I also made NullDuplicatePropertyChecker a "global" singleton instead of creating per request/WriterValidator. The impact here is low, but it doesn't hurt. In any case, I'd argue it makes the code cleaner anyway.

LINQ `Func<T,bool>` predicate

Found a case of Func<T,bool> lurking on a hot path from calling resource.NonComputedProperties.SingleOrDefault(r => r.Name == propertyName). I reduced the allocation by implementing SingleOrDefault manually (raw while loop and enumerator.MoveNext()).

While this reduced the allocations, I question our use of SingleOrDefault. Personally, I think we should reduce or avoid the use of SingleOrDefault in our library. In cases where we need to validate uniqueness, I think it would much better to consider pre-validating the collection before use, or ways to ensure we validate uniqueness only once, or in some cases just consider duplicates undefined behaviour and leave it to the customer to deal with. In this case, we potentially do a full scan of the property list each time we need to fetch the value of a single property. And yet we'll still validate property name uniqueness with the duplicate property name checker inside the writer.

Update

Following this comment thread: #2834 (comment), I made the following change:

I removed the duplicate property name check from the ODataResourceMetadataContext because:

it doesn't break existing tests
the duplicate check adds extra cost on a hot path

I opted not to move the duplicate-check to the ODataResource.Properties setter because:

we already have duplicate property name checking logic in the writer via DuplicatePropertyNameChecker
in WebApi and OData Client, we can guarantee in the serializer that the property names are unique. That's also the best place to guarantee uniqueness since they have access the original property collection
For customers using ODL directly, and who have disabled writer validation, we can assume they know what they're doing and already ensure that properties are unique.
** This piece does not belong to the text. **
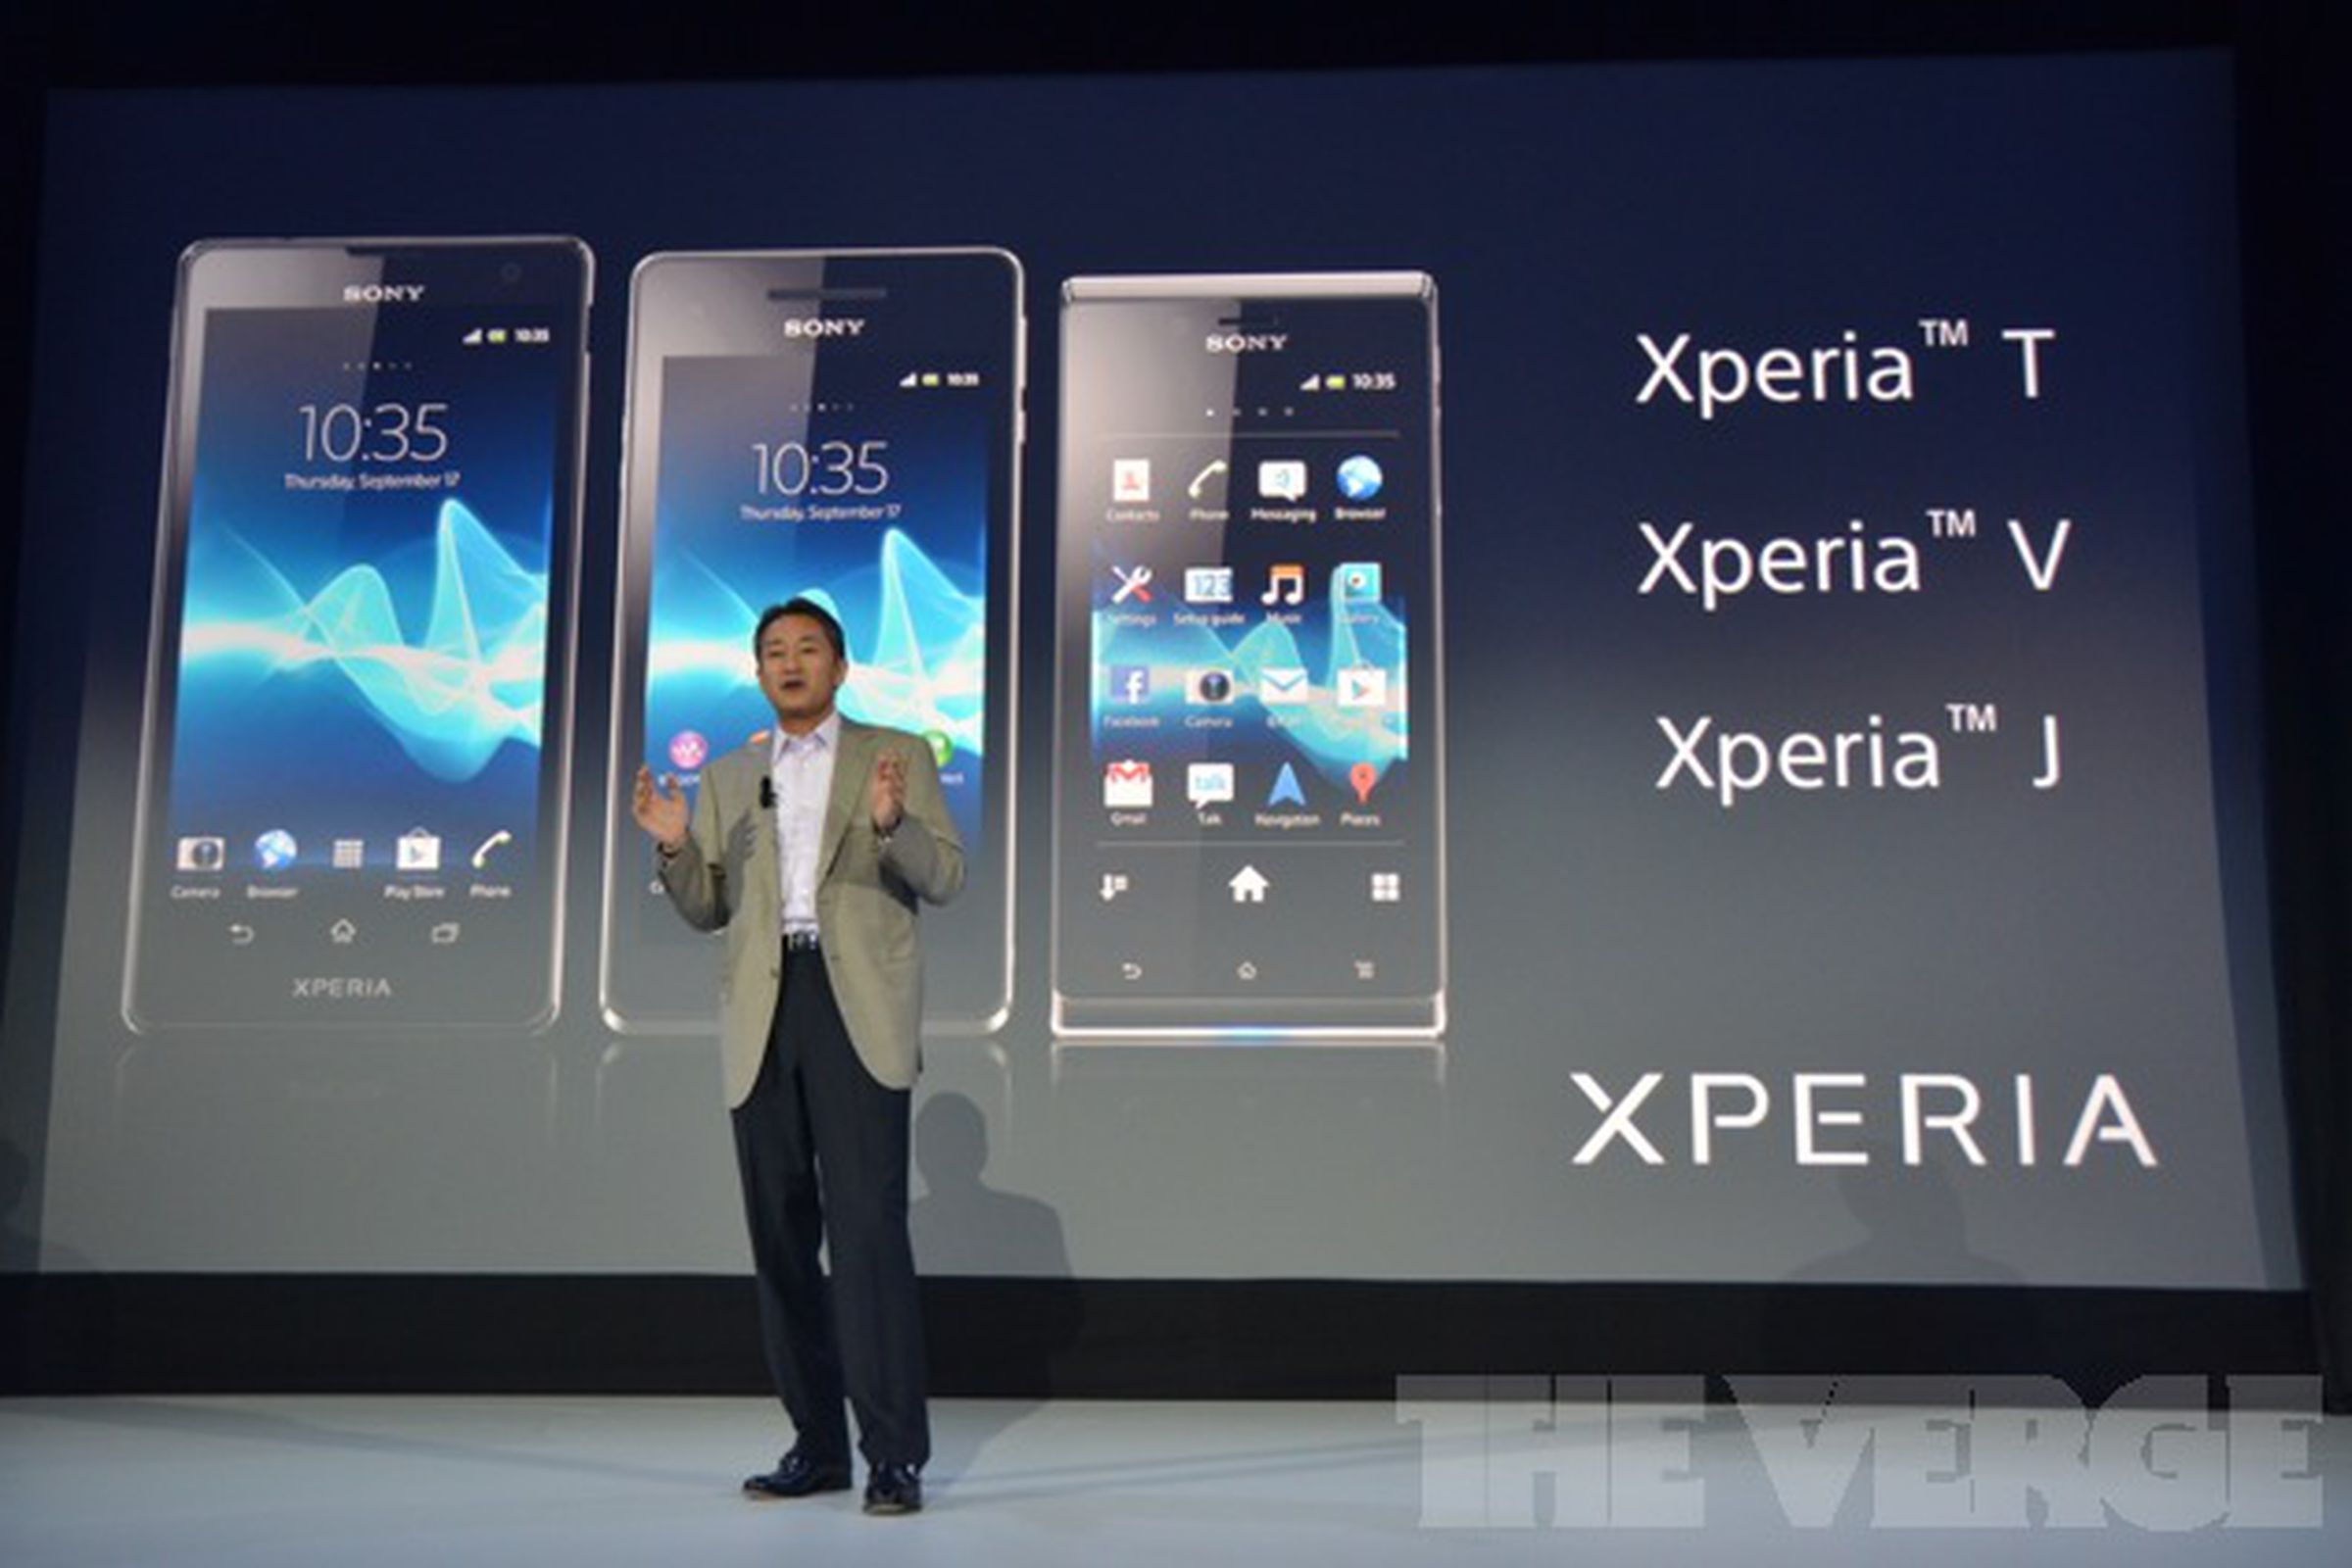 Sony Xperia smartphones at IFA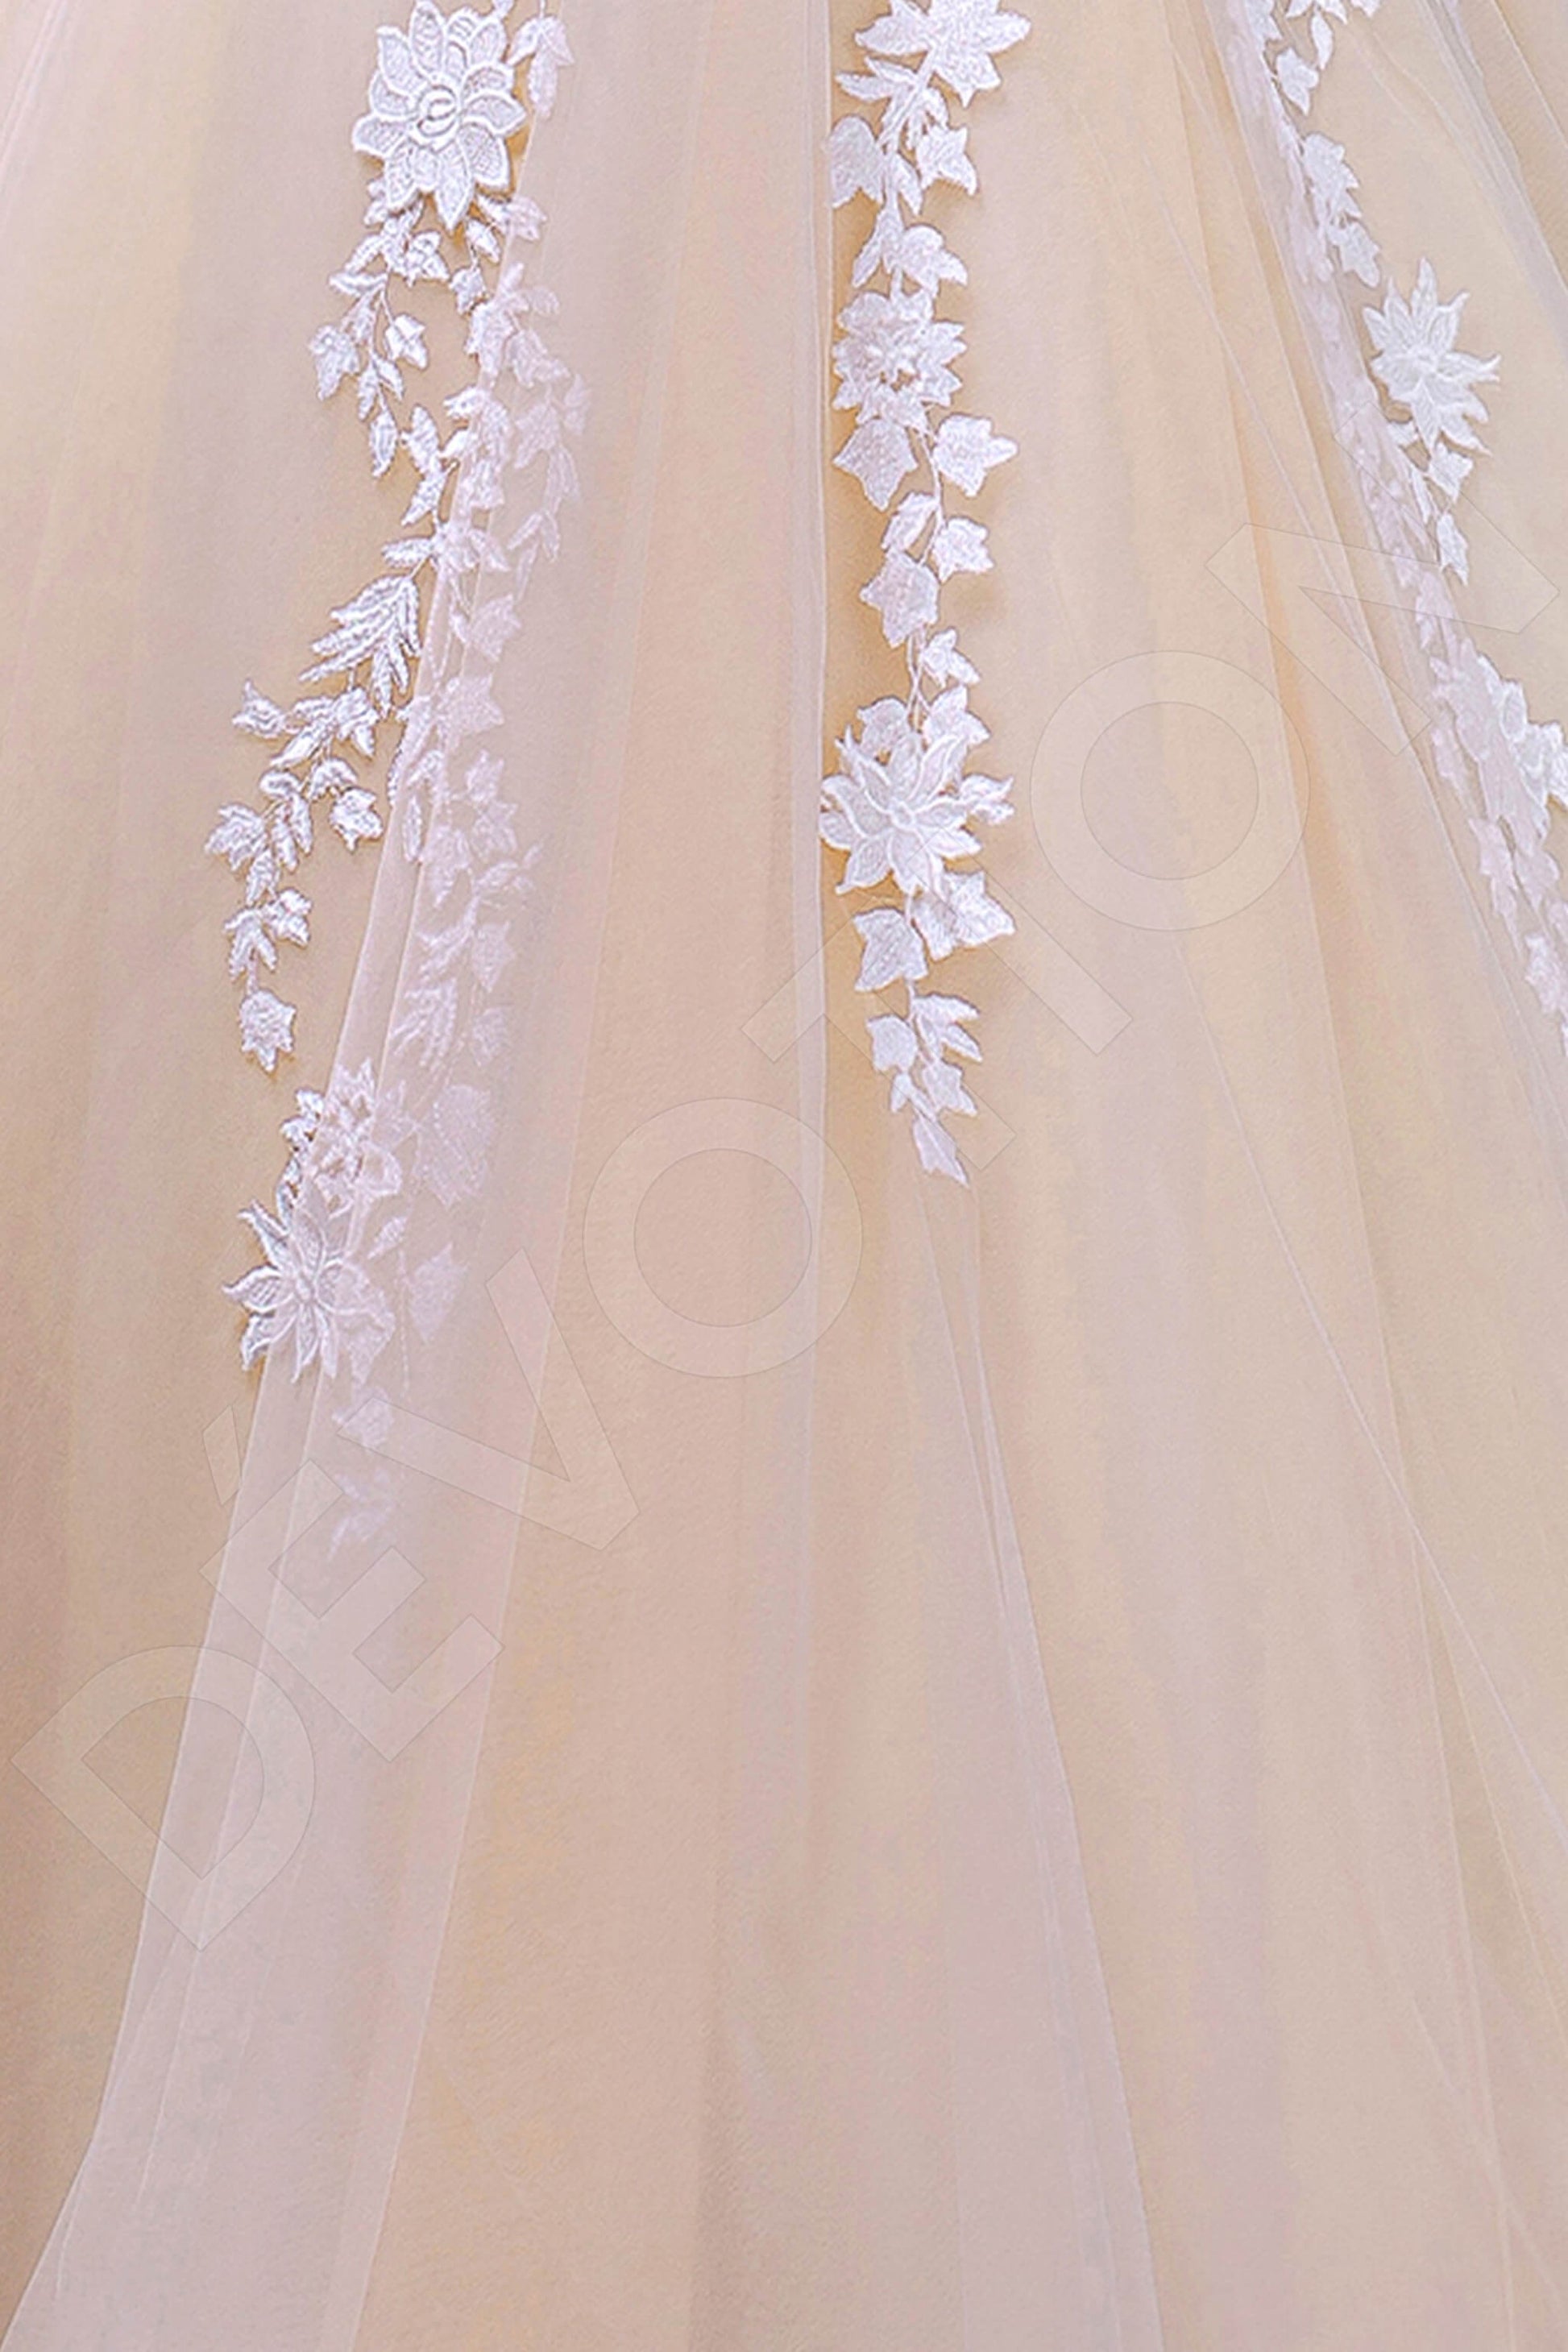 Dalma Princess/Ball Gown Illusion Peach Ivory Wedding dress

However, if the last assumption doesn't hold, this could be a breaking change (though I think chances are extremely low). So, I'm open to restoring the original behaviour or moving the duplicate-check to the ODataResource.Properties setter if you or someone else believes it necessary to do so.

Checklist (Uncheck if it is not completed)

Test cases added
Build and test with one-click build and test script passed

Results

Before

After

Before

After

Before

After

Before

After

Before

After

odero · 2024-01-04T14:50:11Z

src/Microsoft.OData.Core/WriterValidator.cs

    using System.Collections.Generic;
-#if NETSTANDARD2_0_OR_GREATER
+#if NETSTANDARD2_0_OR_GREATER || NETCOREAPP3_1_OR_GREATER


Why doesn't NETSTANDARD2_0_OR_GREATER also include NETCOREAPP_3_1+?

In the past #if NETSTANDARD2_0_OR_GREATER used to apply to .NET Core 3.1 and later. But when we added .netcoreapp3.1 as an explicit target framework in our csproj file, NETSTANDARD2_0_OR_GREATER stopped applying to it. I don't know why actually. But since then, we had to manually use NETCOREAPP3_1_OR_GREATER.

odero · 2024-01-04T14:57:43Z

src/Microsoft.OData.Core/Evaluation/ODataResourceMetadataContext.cs

+            {
+                // since this method is called frequently, we implement SingleOrDefault manually
+                // to avoid allocating predicate closures.
+                using (IEnumerator<ODataProperty> e = resource.NonComputedProperties.GetEnumerator())


Why not do the check at the time of adding to NonComputedProperties? And/or use a data structure that can do this validation at point of adding?

I think validating at the time of adding NonComputedProperties or using a better suited data structure would indeed be better. But I didn't want to risk breaking existing behaviour since I hadn't done a thorough analysis to ensure changing the behaviour here doesn't break any assumptions its callers.

One challenge with validating the uniqueness properties at the time that they are added to NonComputedProperties is that we don't know when the properties are added to the collection. The NonComputedProperties refers to the ODatarResource.Properties property, which is an IEnumerable<ODataProperty>.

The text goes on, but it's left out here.